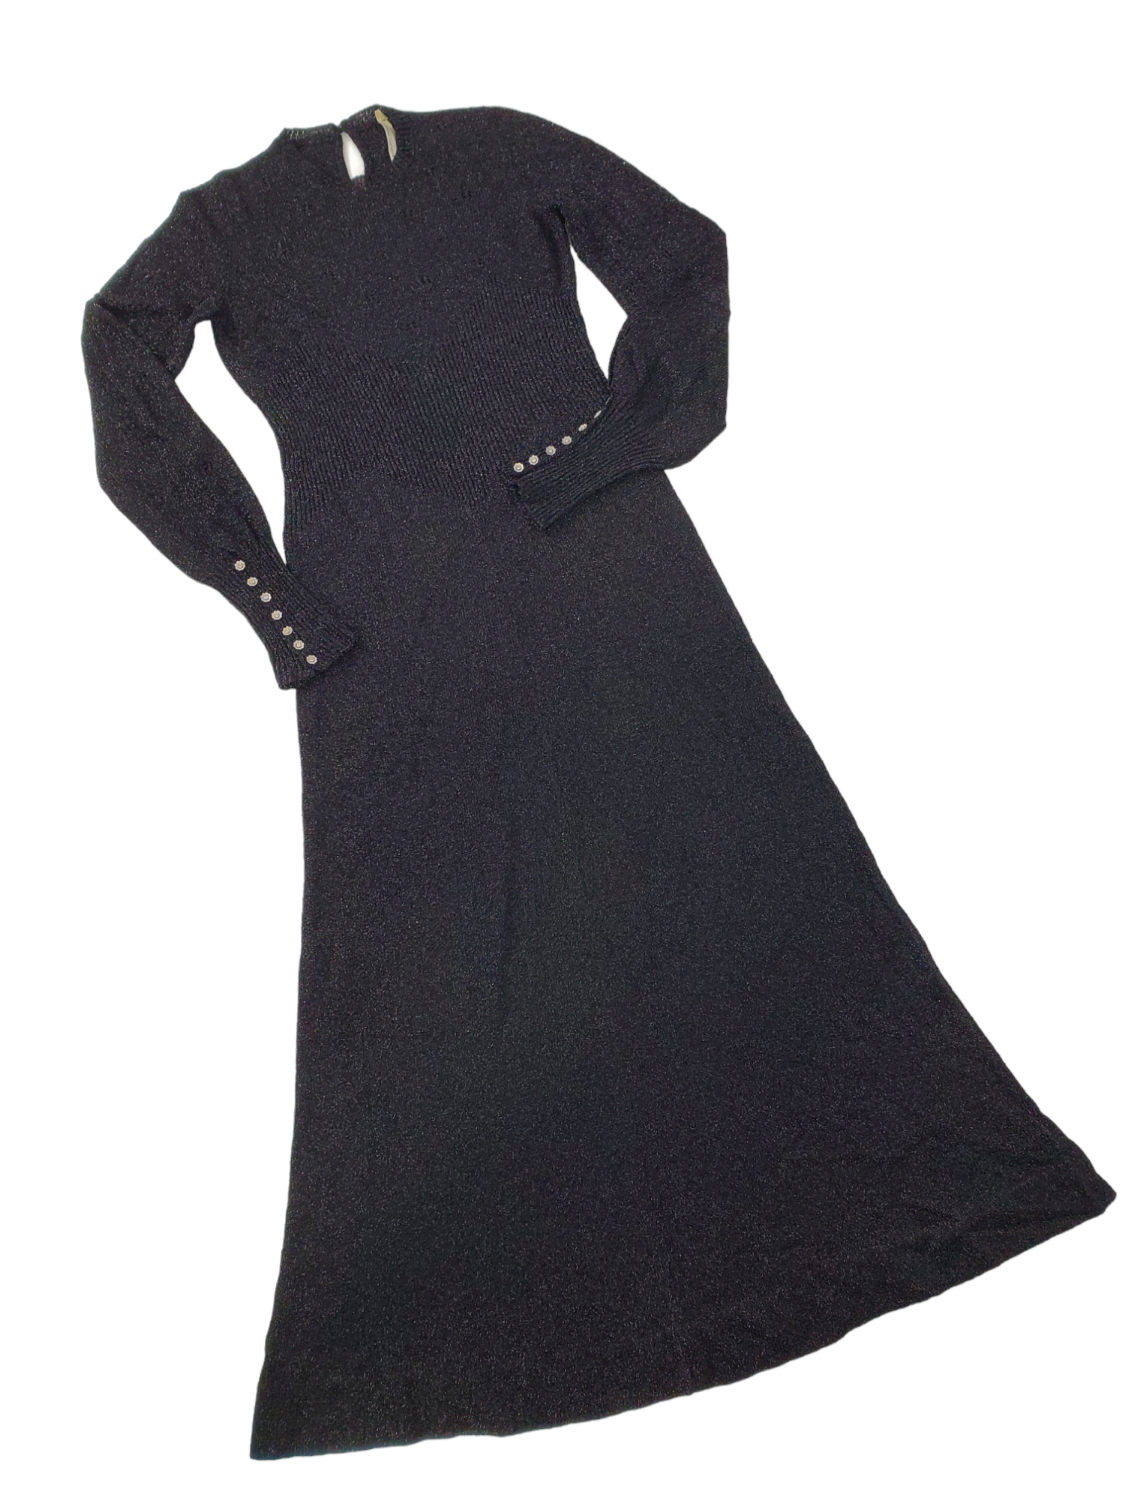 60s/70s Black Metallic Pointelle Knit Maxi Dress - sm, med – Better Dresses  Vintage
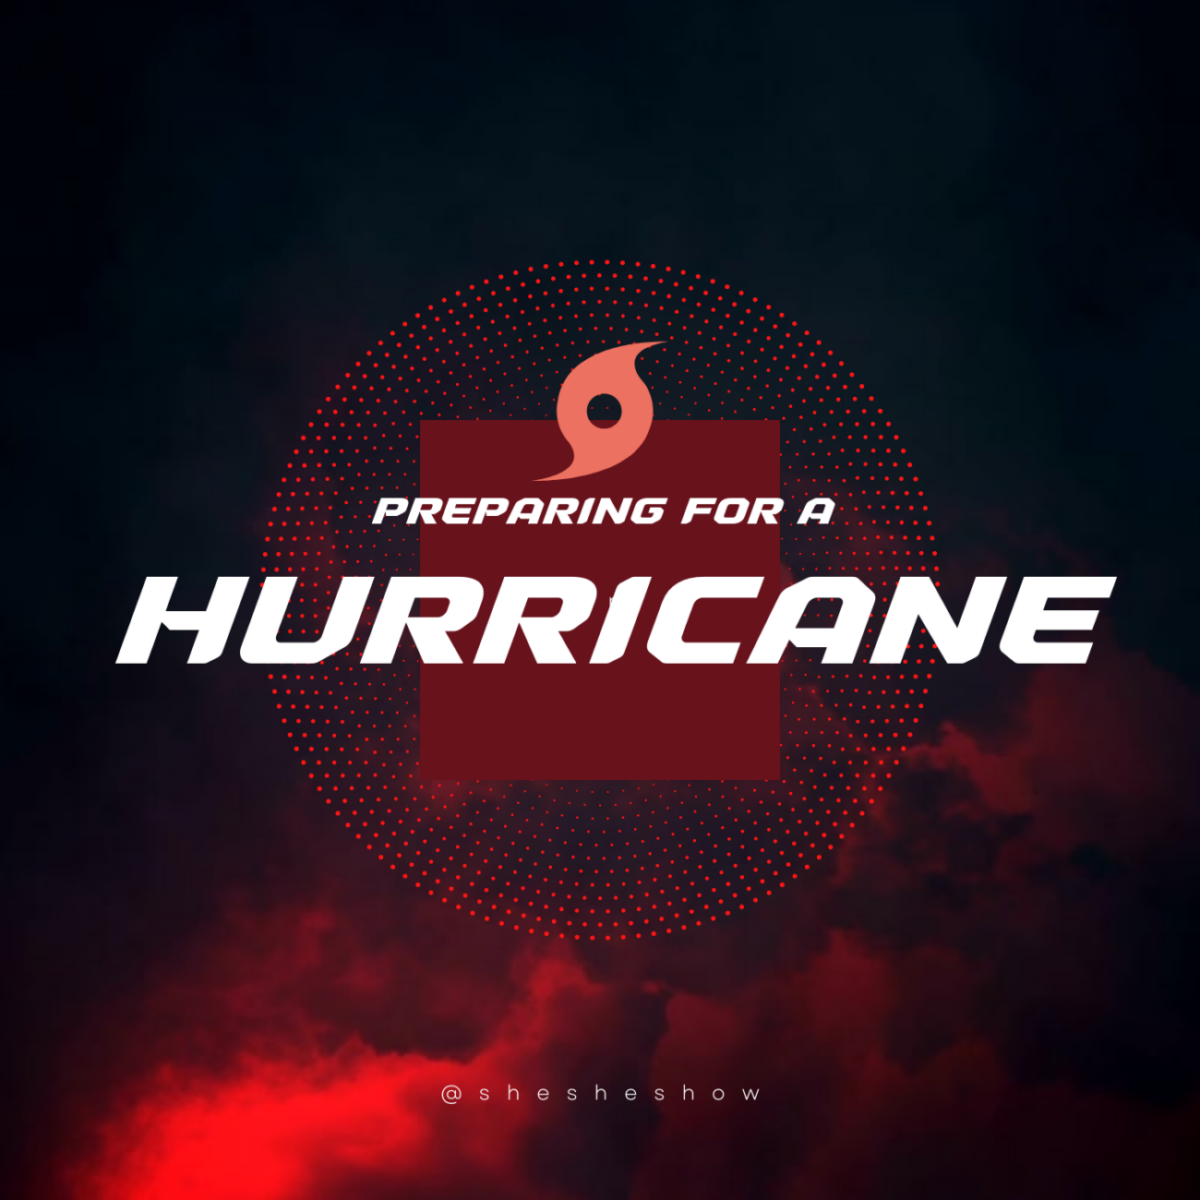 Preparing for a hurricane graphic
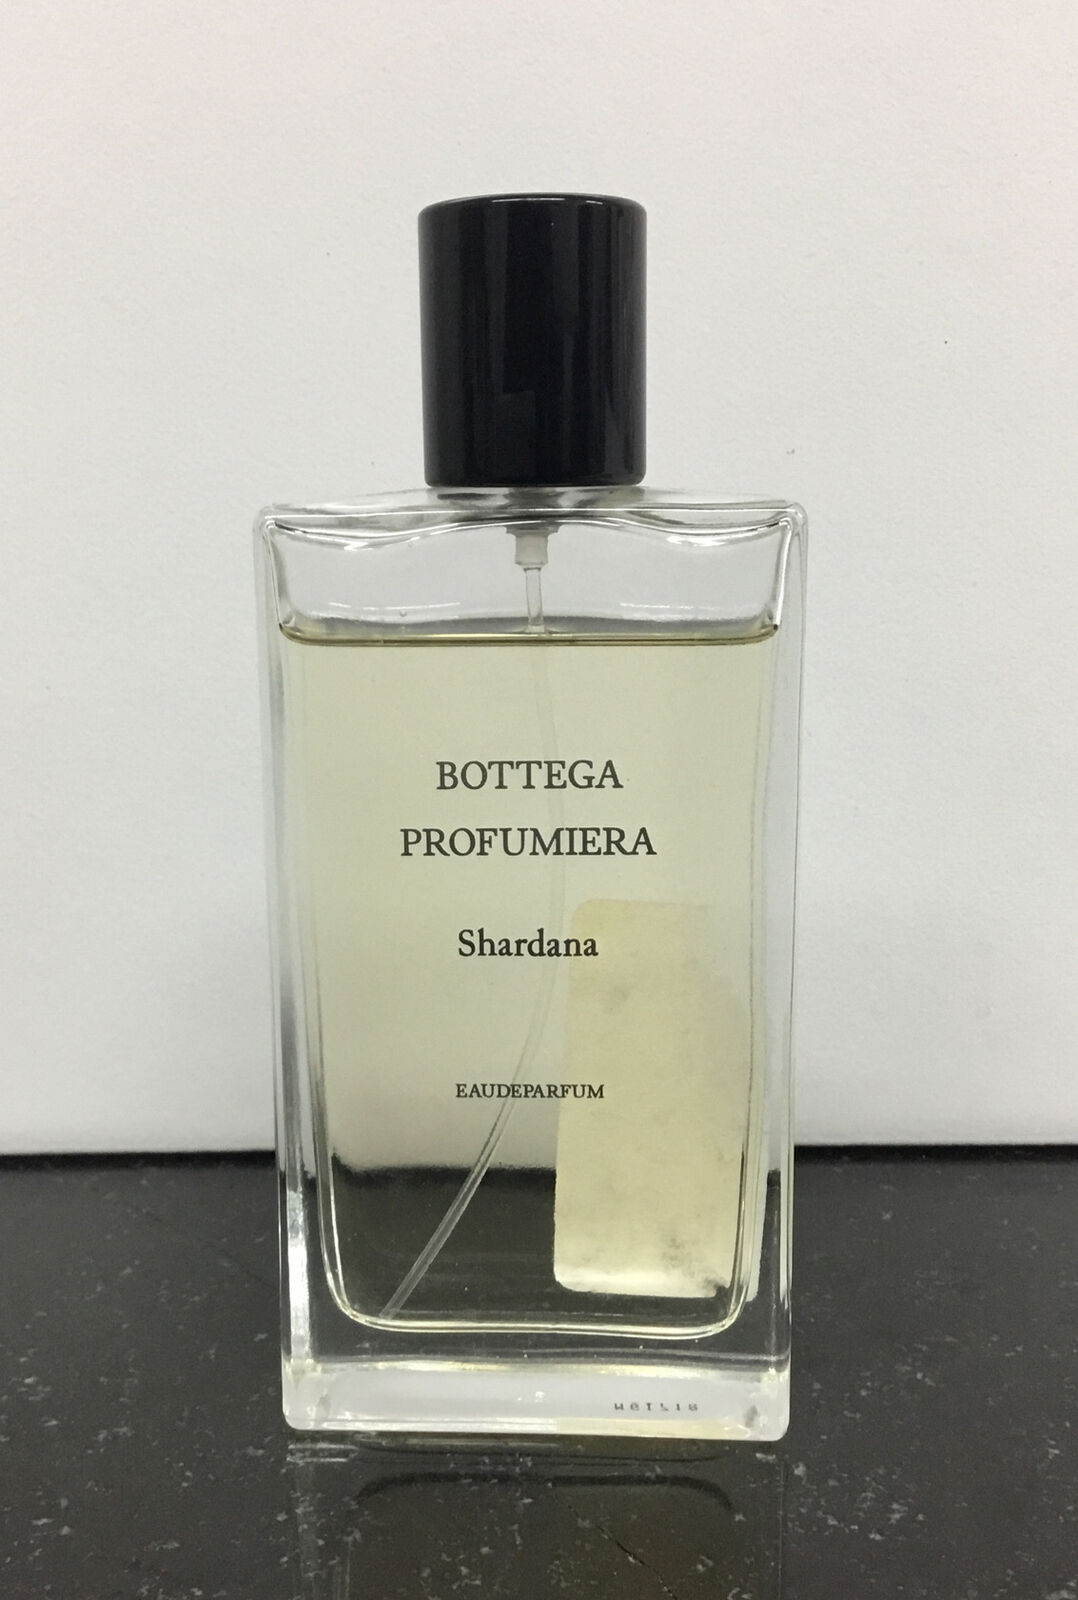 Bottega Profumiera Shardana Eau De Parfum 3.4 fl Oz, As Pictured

The task. Output the line containing "Preparing for a hurricane graphic" and each line after it, through the end of the material, exactly as given. No pictures belong in the output.

Response to this exercise.
 Preparing for a hurricane graphic
 Bottega Profumiera Shardana Eau De Parfum 3.4 fl Oz, As Pictured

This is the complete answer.